The nature of modern agricultural structure and contemporary policies have strongly influenced the context of agricultural technology and production, which in turn has led to numerous environmental problems. Given the realities of capitalism, resource conserving practices are discouraged and in many cases such practices are not profitable for farmers. As the large-scale landscape homogenization with transgenic crops proceeds, environmental impacts will probably be substantial and it is expected that such massive deployment will exacerbate the ecological problems already associated with monoculture agriculture. Unquestioned expansion of this technology into developing countries is also undesirable. There is strength in the agricultural diversity of many of these countries, and it should not be inhibited or reduced by extensive monoculture, especially when consequences of doing so result in serious social and environmental problems.

The expectation that a set of policy changes could bring a renaissance of diversified or small-scale farms may be unrealistic, because it negates the existence of economies of scale in agriculture and ignores the political power of agribusiness corporations and current trends set forth by globalization.
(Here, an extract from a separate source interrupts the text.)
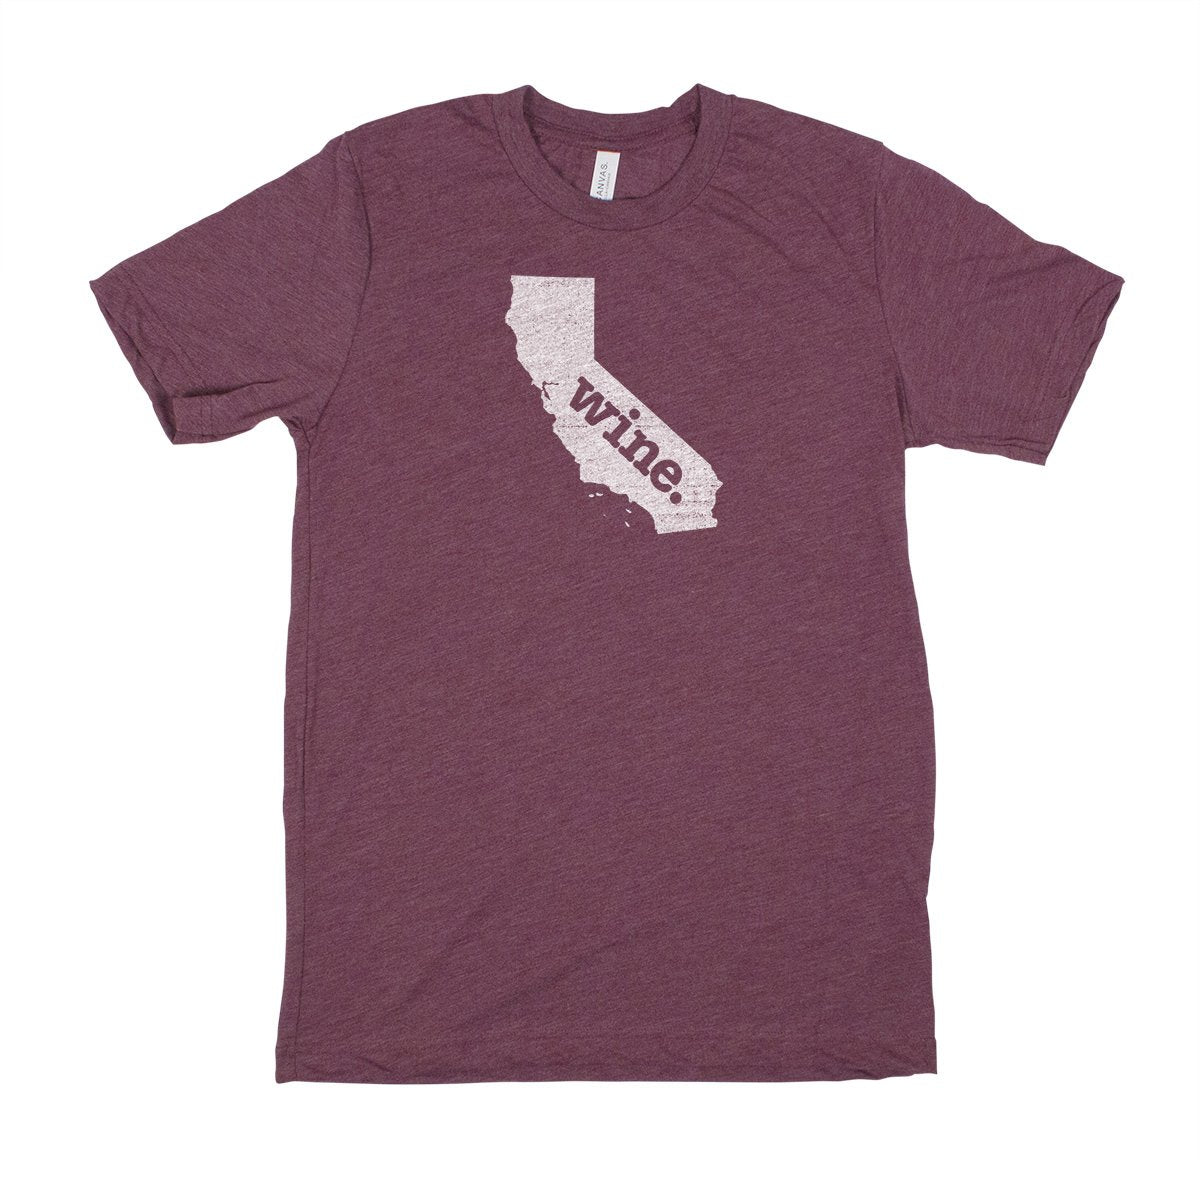 beer. Men's Unisex T-Shirt - Massachusetts

A more radical transformation of agriculture is needed, one guided by the notion that ecological change in agriculture cannot be promoted without comparable changes in the social, political, cultural, and economic arenas that also constrain agriculture. Change towards a more socially just, economically viable, and environmentally sound agriculture will be the result of social movements in the rural sector in alliance with urban working classes.

The development of sustainable agriculture will require significant structural changes, in addition to technological innovation, farmer-to-farmer networks, and farmer-to-consumer solidarity. The required change is impossible without social movements that create political will among decision-makers to dismantle and transform the institutions and regulations that presently hold back sustainable agricultural development.